Information provided:
== == ==

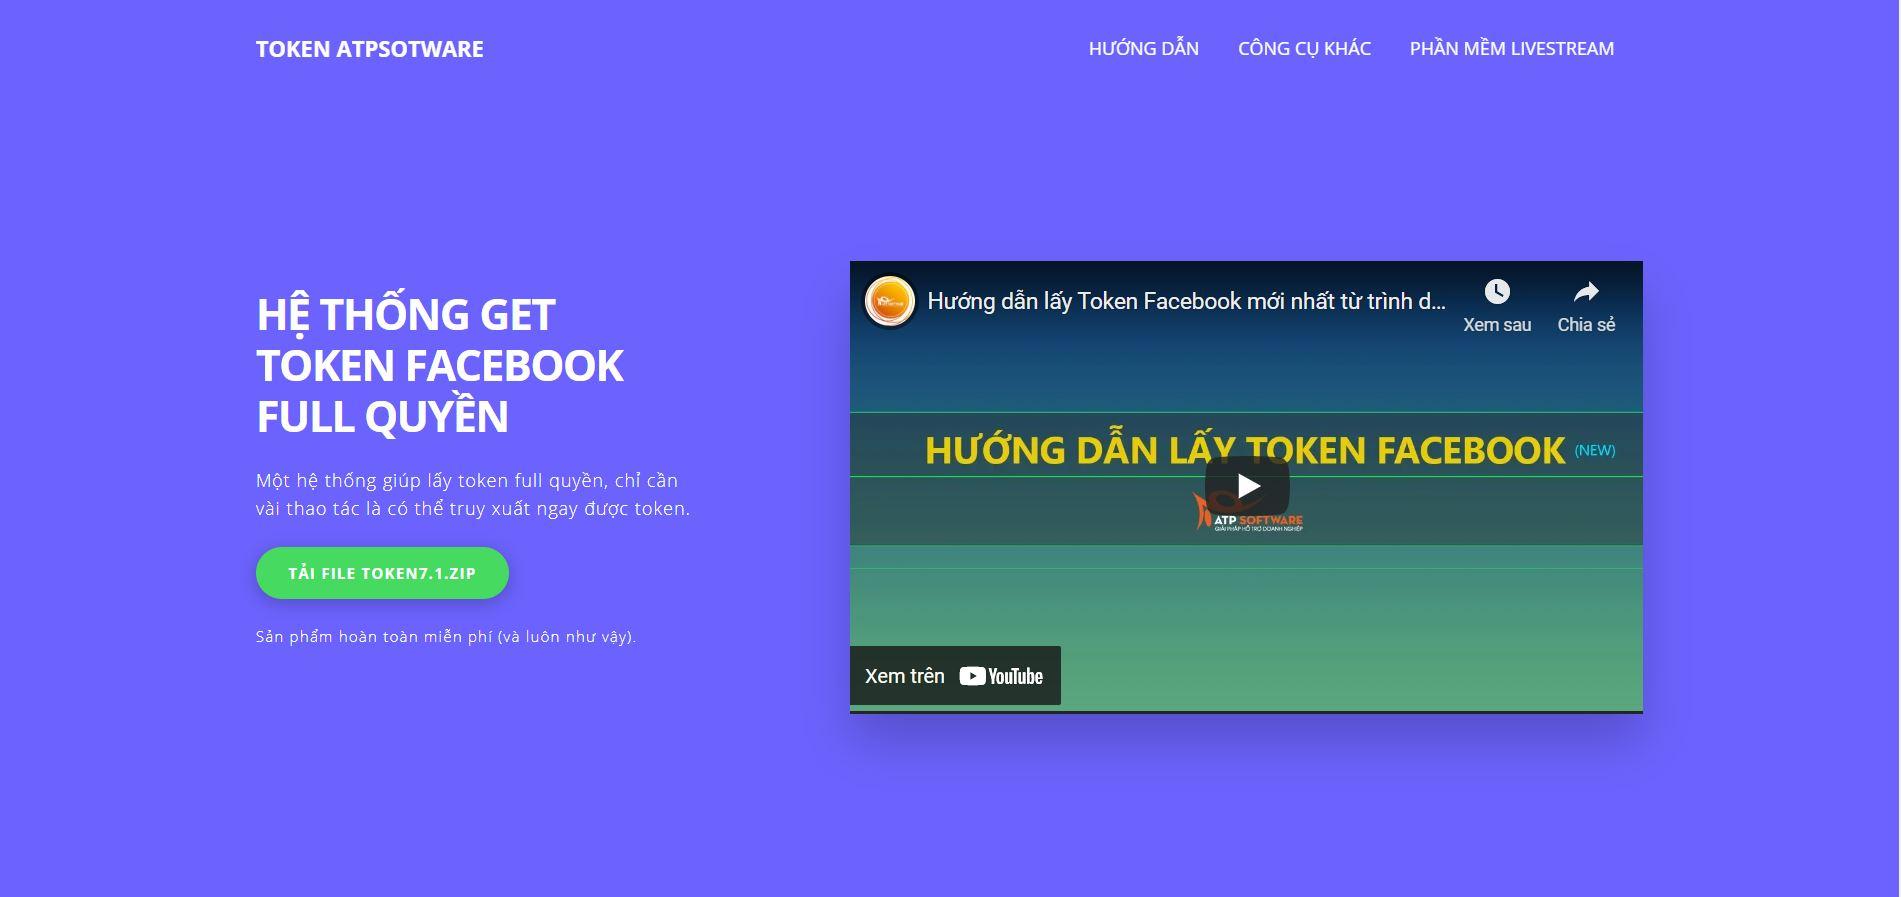 huong-dan-cah-lay-token-facebook-moi-nhat-2021-1
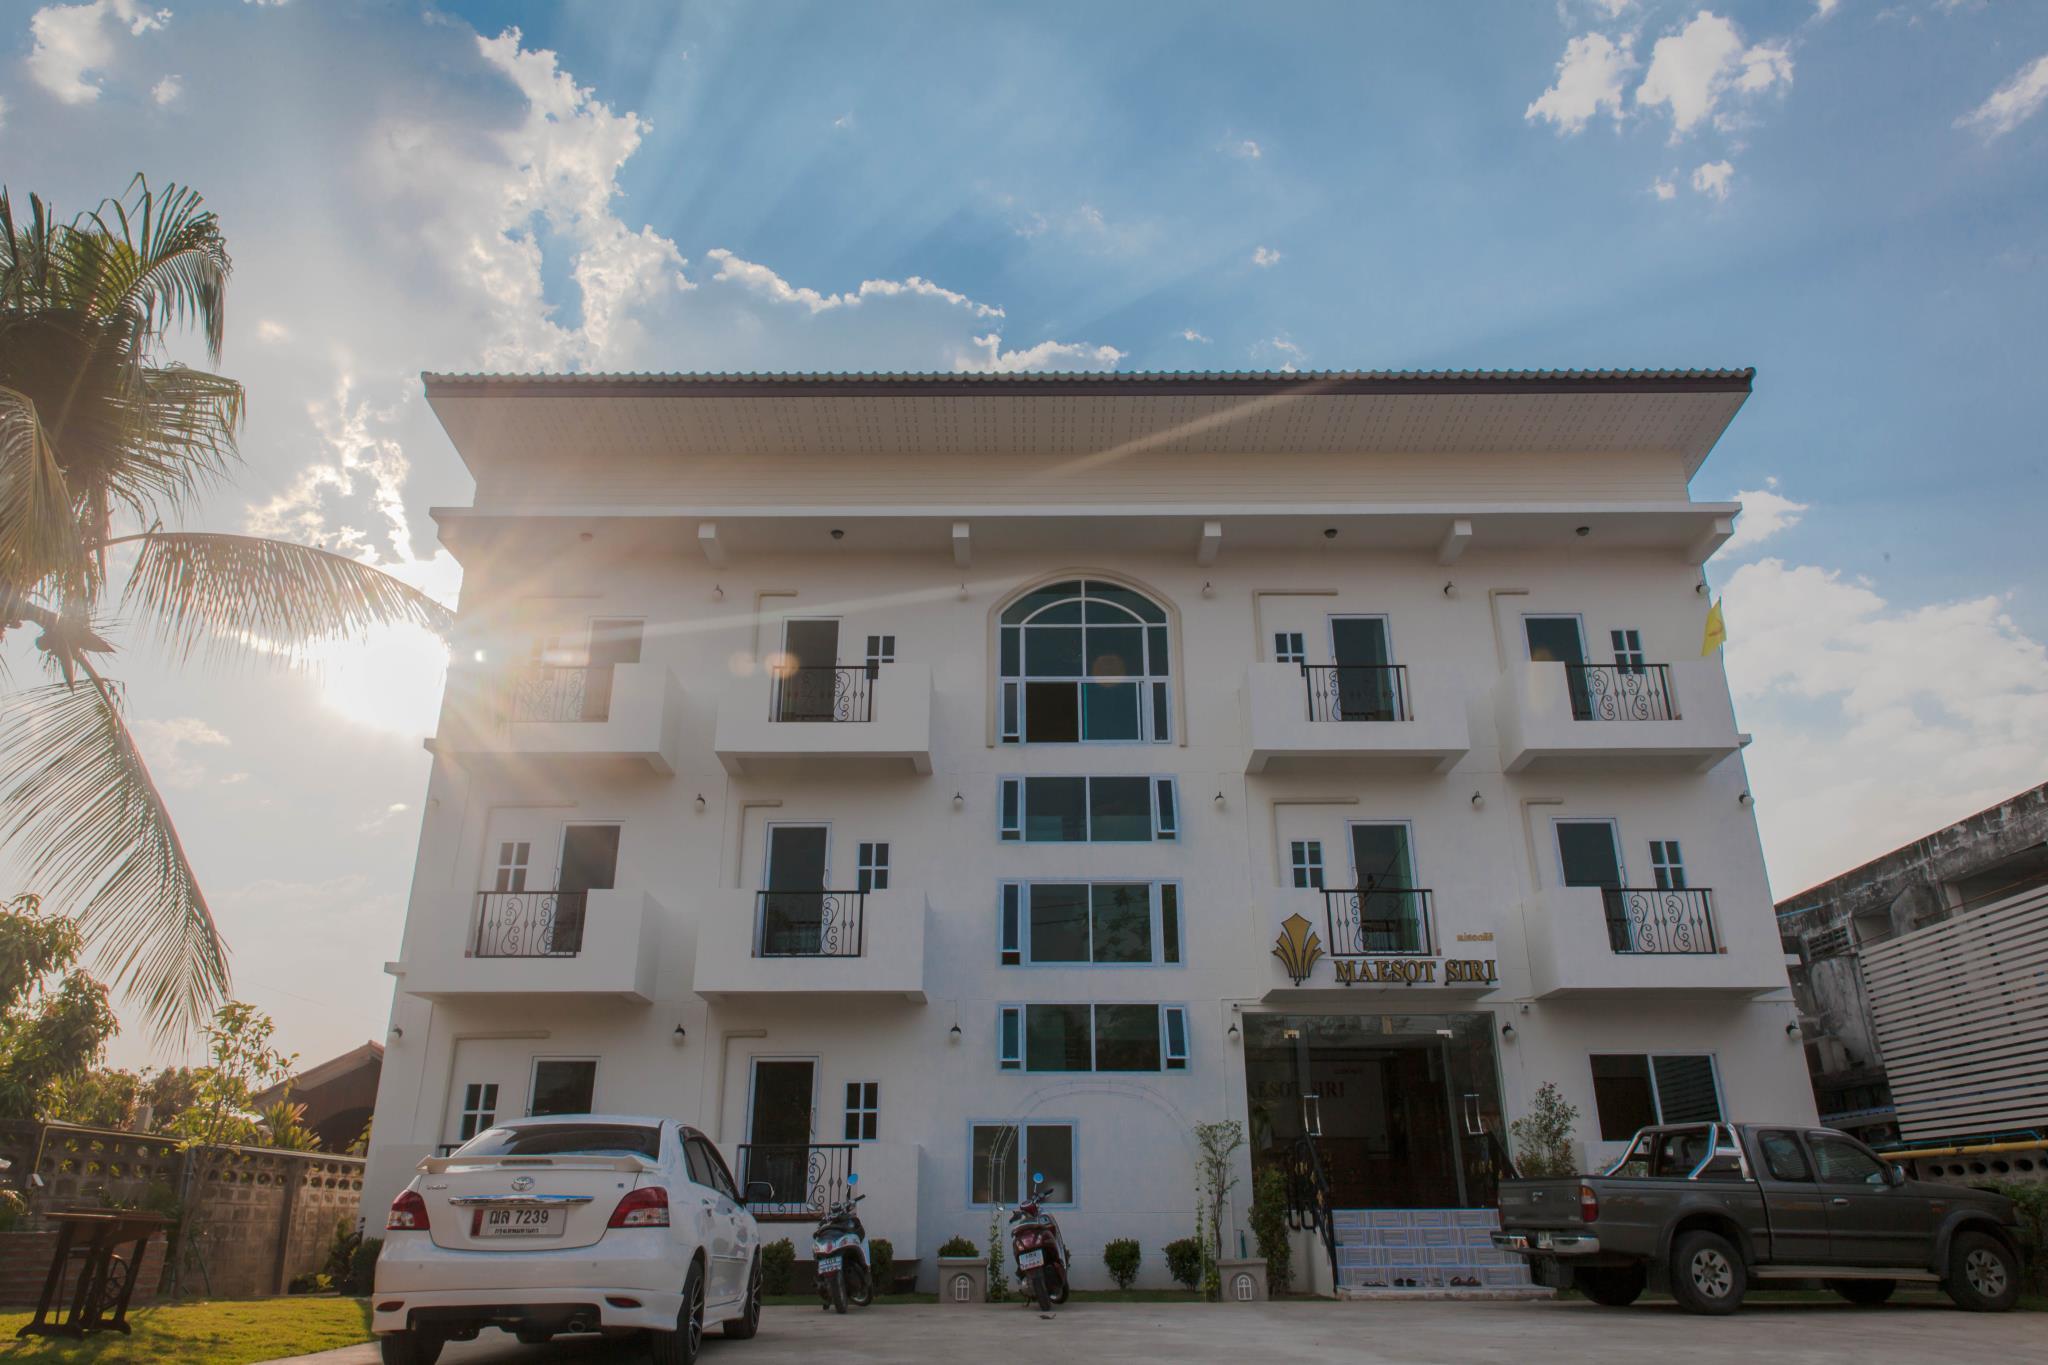 Maesot Siri Hotel
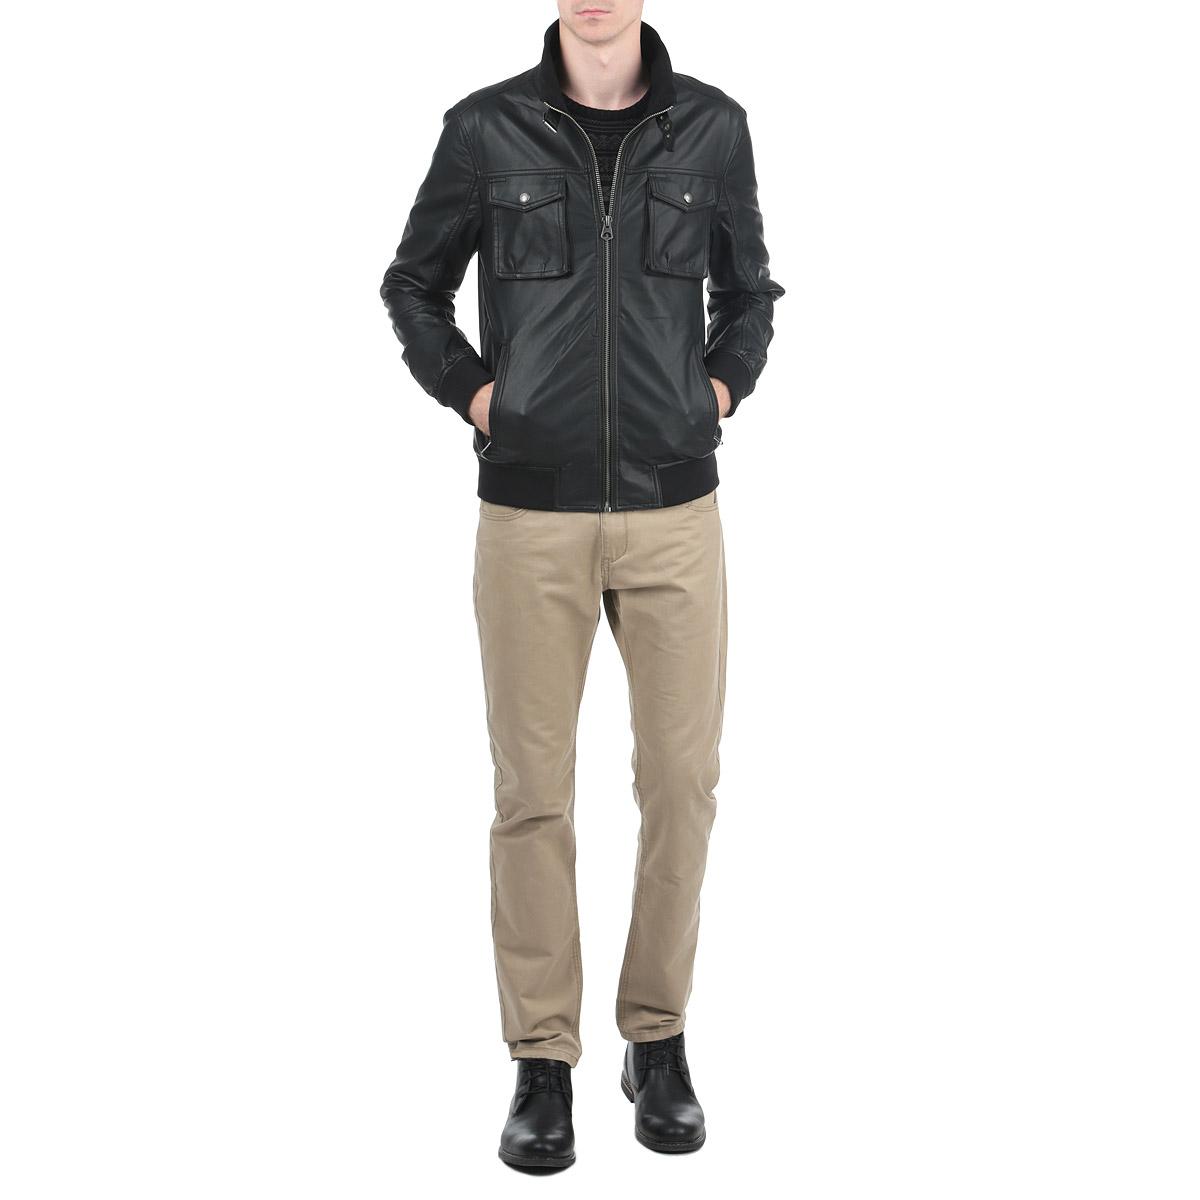 10153074_999Стильная мужская куртка Broadway выполнена из высококачественной искусственной матовой кожи с подкладкой из полиэстера и рассчитана на прохладную погоду. Куртка поможет вам почувствовать себя максимально комфортно и стильно. Модель с длинными рукавами и воротником-стойкой застегивается на металлическую застежку-молнию. Манжеты и воротник изделия дополнены текстильными вставками. Куртка дополнена двумя втачными карманами на застежке молнии и двумя нашивными карманами на металлических кнопках. На внутренней стороне изделия расположен прорезной карман на липучке. Модный дизайн и практичность - отличный выбор на каждый день!
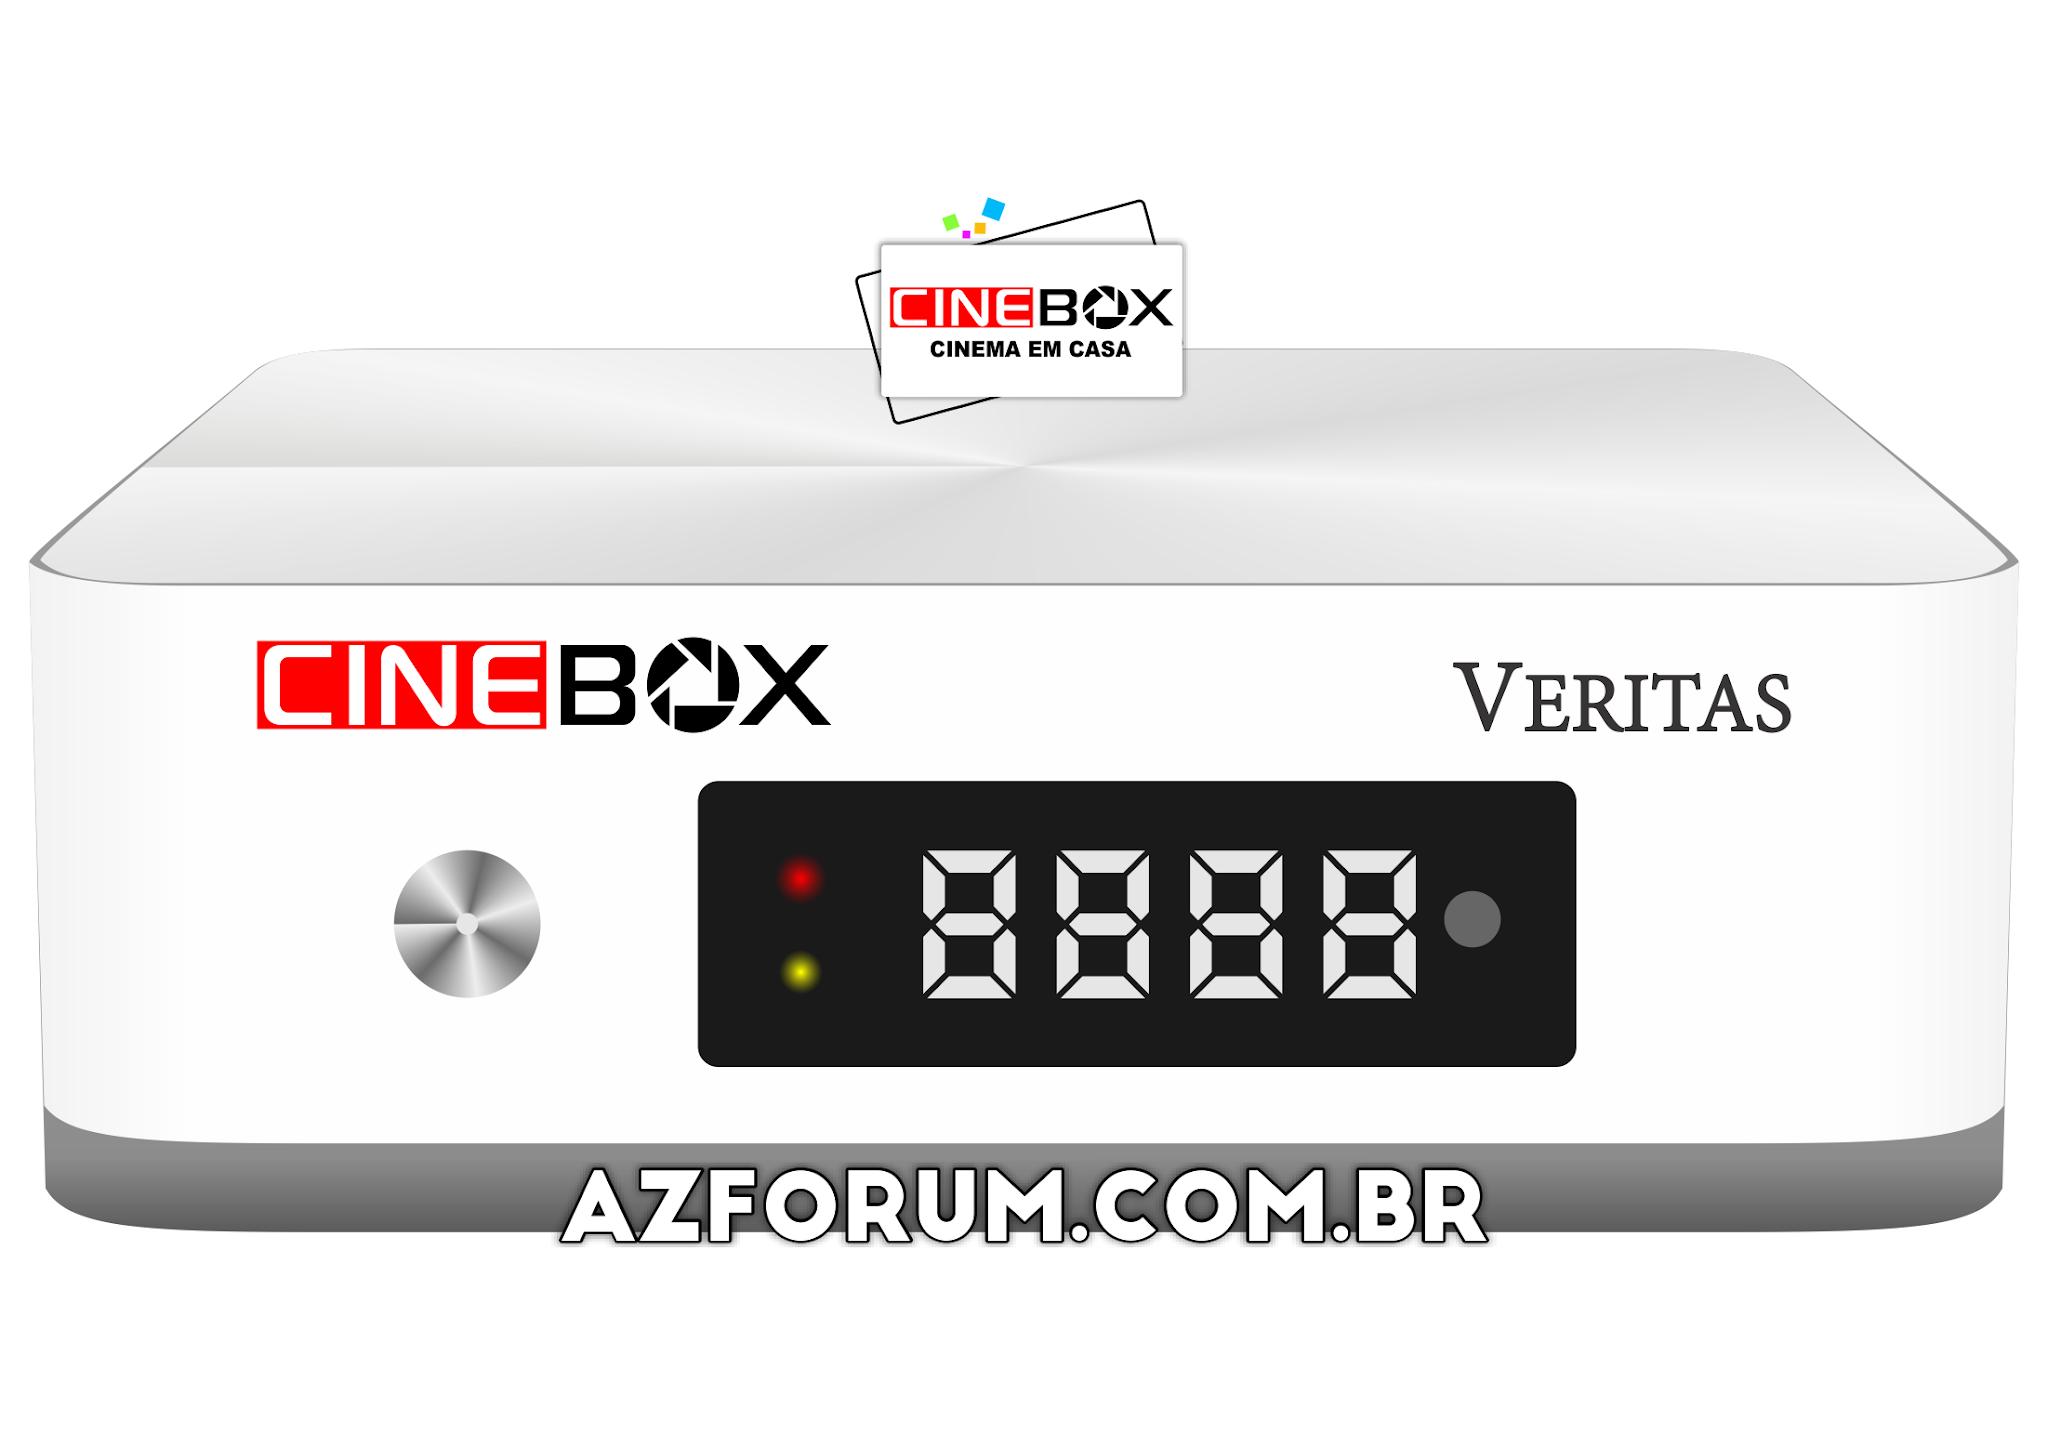 Primeira Atualização Cinebox Veritas V0.73.0 - 07/09/2020

== == ==

Work request: Give an exact copy of the data, and omit any pictures it holds.

Output:
 huong-dan-cah-lay-token-facebook-moi-nhat-2021-1
 Maesot Siri Hotel
 10153074_999Стильная мужская куртка Broadway выполнена из высококачественной искусственной матовой кожи с подкладкой из полиэстера и рассчитана на прохладную погоду. Куртка поможет вам почувствовать себя максимально комфортно и стильно. Модель с длинными рукавами и воротником-стойкой застегивается на металлическую застежку-молнию. Манжеты и воротник изделия дополнены текстильными вставками. Куртка дополнена двумя втачными карманами на застежке молнии и двумя нашивными карманами на металлических кнопках. На внутренней стороне изделия расположен прорезной карман на липучке. Модный дизайн и практичность - отличный выбор на каждый день!
 Primeira Atualização Cinebox Veritas V0.73.0 - 07/09/2020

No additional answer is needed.